Distance based on separation of clusters

The separation between clusters is defined by the minimum distances of a point in the cluster to a point in another cluster. The number of clusters are provided. If not, the hierarchical clustering method is used to obtain the clusters. The separation between the clusters for dataset X is calculated. Same is done for dataset PX. An euclidean distance is then calculated between these separation for X and PX.

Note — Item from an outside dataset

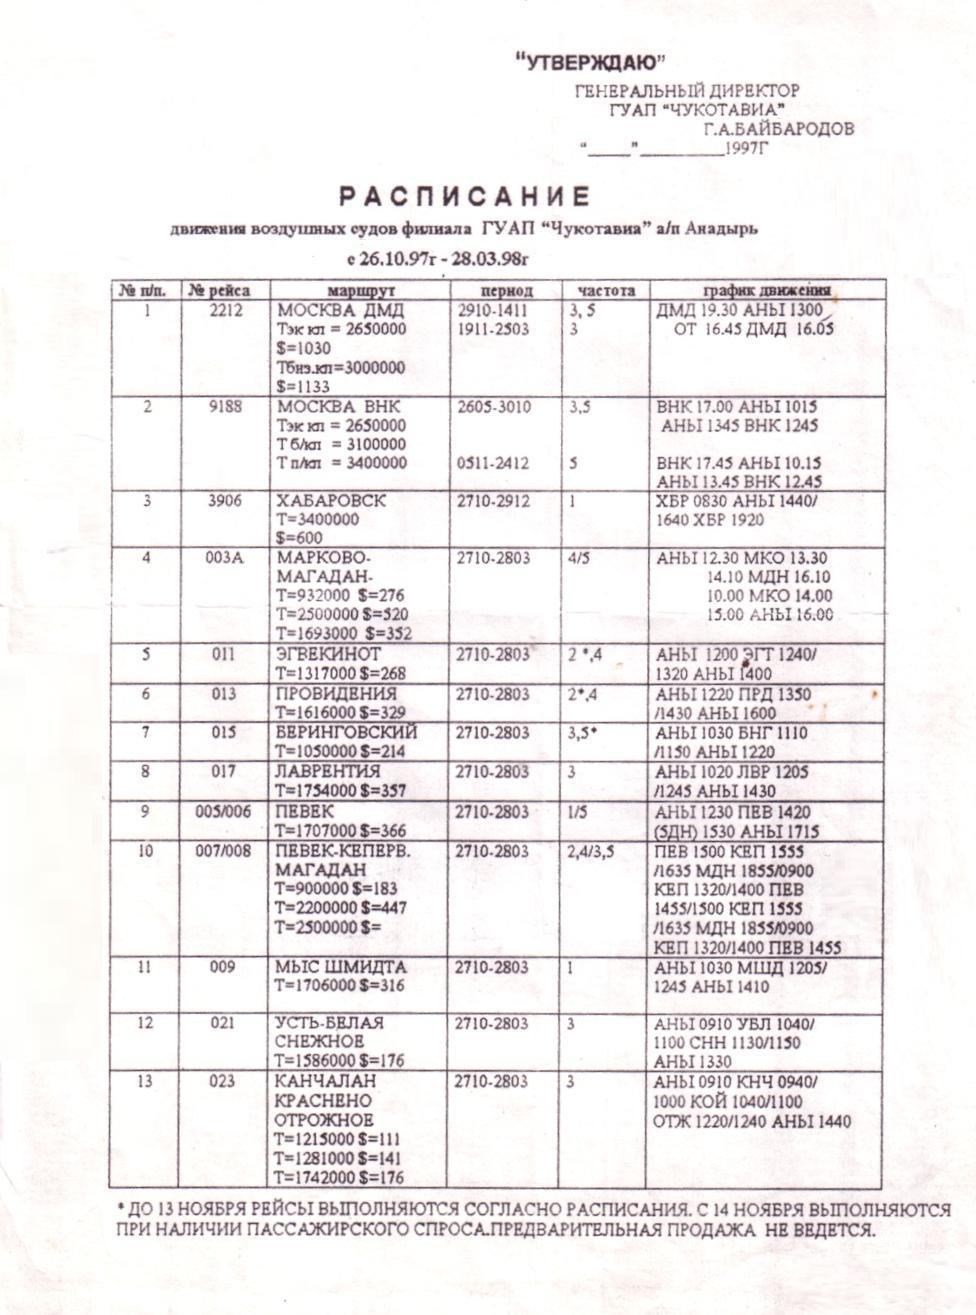 Расписание по аэропорту Анадырь   (1997 год)

sep_dist(X, PX, clustering = FALSE, nclust = 3, type = "separation")

Arguments

X: a data.frame with two or three columns, the first two columns providing the dataset
PX: a data.frame with two or three columns, the first two columns providing the dataset
clustering: LOGICAL; if TRUE, the third column is used as the clustering variable, by default FALSE
nclust: the number of clusters to be obtained by hierarchical clustering, by default nclust = 3
type: character string to specify which measure to use for distance, see ?cluster.stats for details

Value

distance between X and PX

Examples

if(require('fpc')) {
with(mtcars, sep_dist(data.frame(wt, mpg, as.numeric(as.factor(mtcars$cyl))),
              data.frame(sample(wt), mpg, as.numeric(as.factor(mtcars$cyl))),
              clustering = TRUE))
}
#> Loading required package: fpc
#> [1] 0.4600815

if (require('fpc')) {
with(mtcars, sep_dist(data.frame(wt, mpg, as.numeric(as.factor(mtcars$cyl))),
             data.frame(sample(wt), mpg, as.numeric(as.factor(mtcars$cyl))),
             nclust = 3))
}
#> [1] 0.05397337